Nineteen miles again on January 30, but during the previous day's march Wilson had strained a tendon in his leg. "I got a nasty bruise on the Tib[ialis] ant[icus] which gave me great pain all the afternoon." "My left leg exceedingly painful all day, so I gave Birdie my ski and hobbled alongside the sledge on foot. The whole of the Tibialis anticus is swollen and tight, and full of teno synovitis, and the skin red and oedematous over the shin. But we made a very fine march with the help of a brisk breeze." January 31: "Again walking by the sledge with swollen leg but not nearly so painful. We had 5.8 miles to go to reach our Three Degree Depôt. Picked this up with a week's provision and a line from Evans, and then for lunch an extra biscuit each, making 4 for lunch and 1/10 whack of butter extra as well. Afternoon we passed cairn where Birdie's ski had been left. These we picked up and came on till 7.30 p.m. when the wind which had been very light all day dropped, and with temp. -20° it felt delightfully warm and sunny and clear. We have 1/10 extra pemmican in the hoosh now also. My leg pretty swollen again to-night."[326] They travelled 13.5 miles that day, and 15.7 on the next. "My leg much more comfortable, gave me no pain, and I was able to pull all day, holding on to the sledge. Still some oedema.
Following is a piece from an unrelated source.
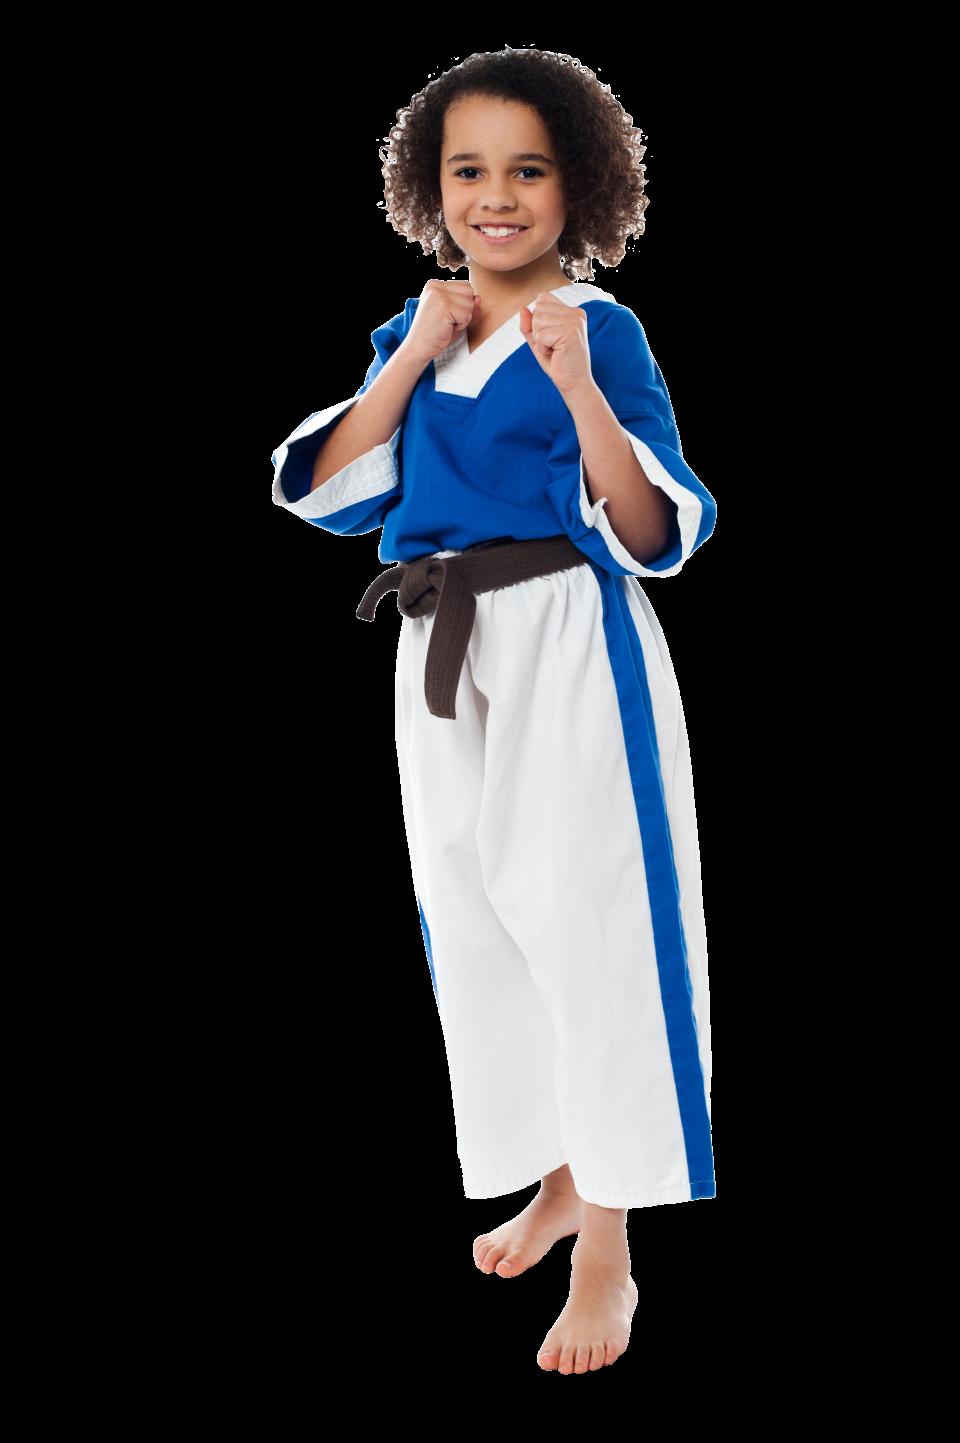 Karate Girl PNG Image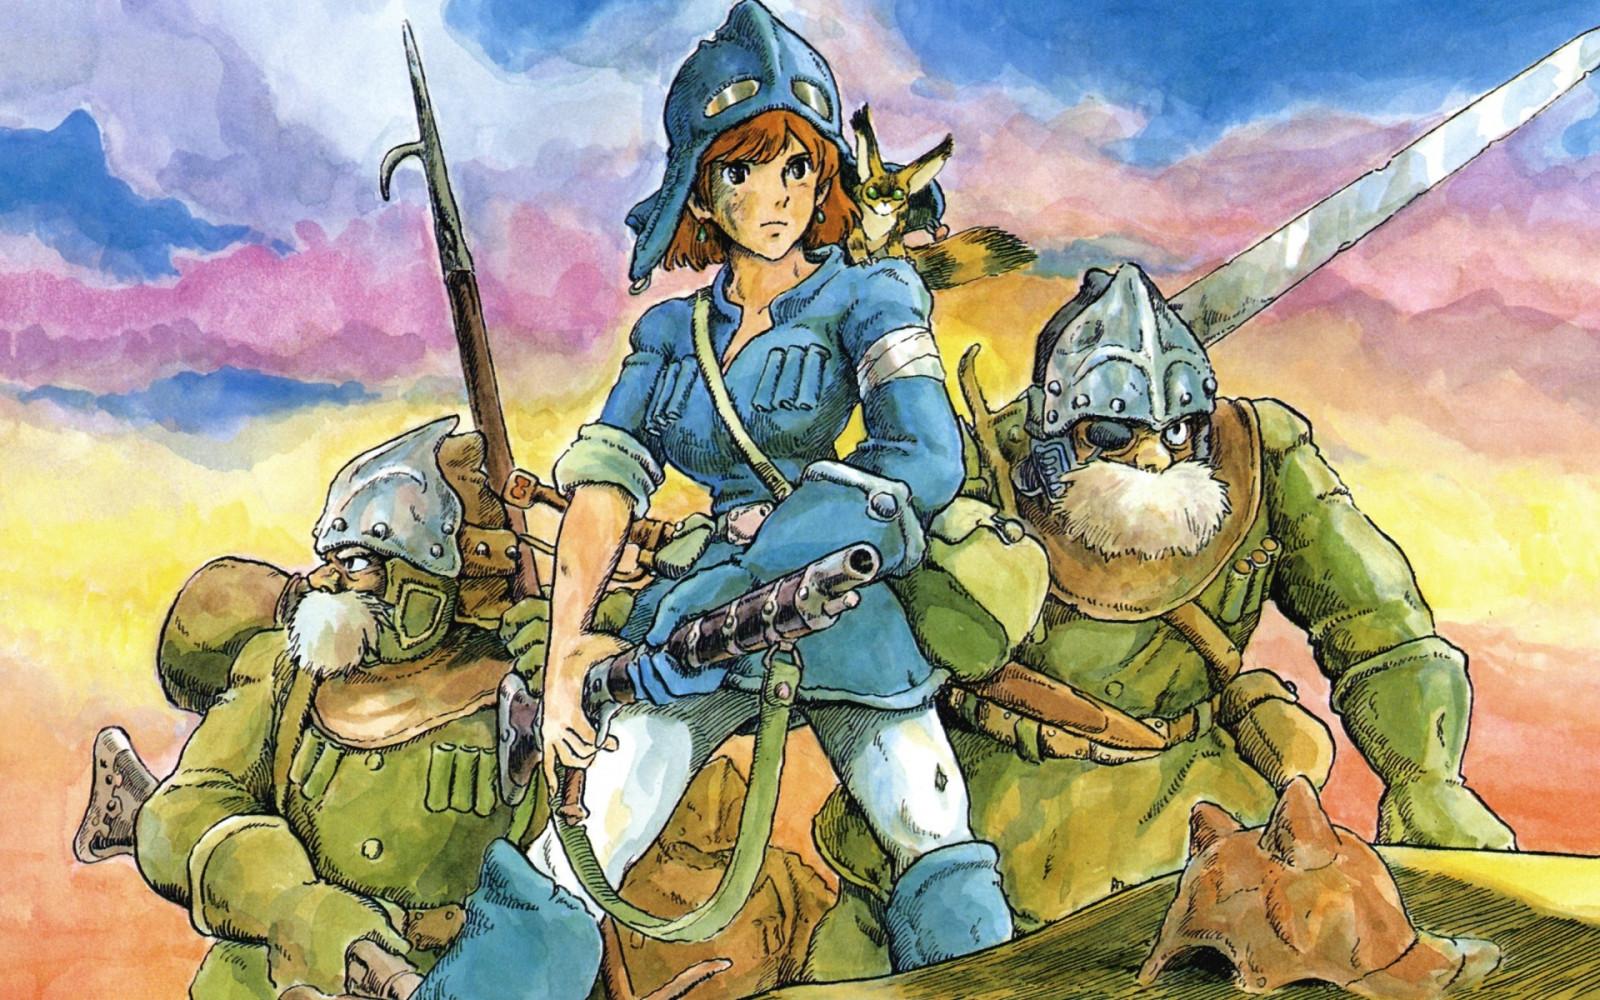 Wallpaper : painting, illustration, anime, Studio Ghibli ... |Nausicaa Studio Ghibli Wallpaper

We came down a hundred feet or so to-day on a fairly steep gradient."[327]

They were now approaching the crevassed surfaces and the ice-falls which mark the entrance to the Beardmore Glacier, and February 2 was marked by another accident, this time to Scott. "On a very slippery surface I came an awful 'purler' on my shoulder. It is horribly sore to-night and another sick person added to our tent—three out of five injured, and the most troublesome surfaces to come. We shall be lucky if we get through without serious injury. Wilson's leg is better, but might easily get bad again, and Evans' fingers.... We have managed to get off 17 miles. The extra food is certainly helping us, but we are getting pretty hungry. The weather is already a trifle warmer, the altitude lower and only 80 miles or so to Mount Darwin. It is time we were off the summit.—Pray God another four days will see us pretty well clear of it. Our bags are getting very wet and we ought to have more sleep."[328]

They had been spending some time in finding the old tracks. But they had a good landfall for the depôt at the top of the glacier and on February 3 they decided to push on due north, and to worry no more for the present about tracks and cairns. They did 16 miles that day. Wilson's diary runs: "Sunny and breezy again. Came down a series of slopes, and finished the day by going up one. Enormous deep-cut sastrugi and drifts and shiny egg-shell surface. Wind all S.S.E.ly. To-day at about 11 p.m. we got our first sight again of mountain peaks on our eastern horizon.... We crossed the outmost line of crevassed ridge top to-day, the first on our return.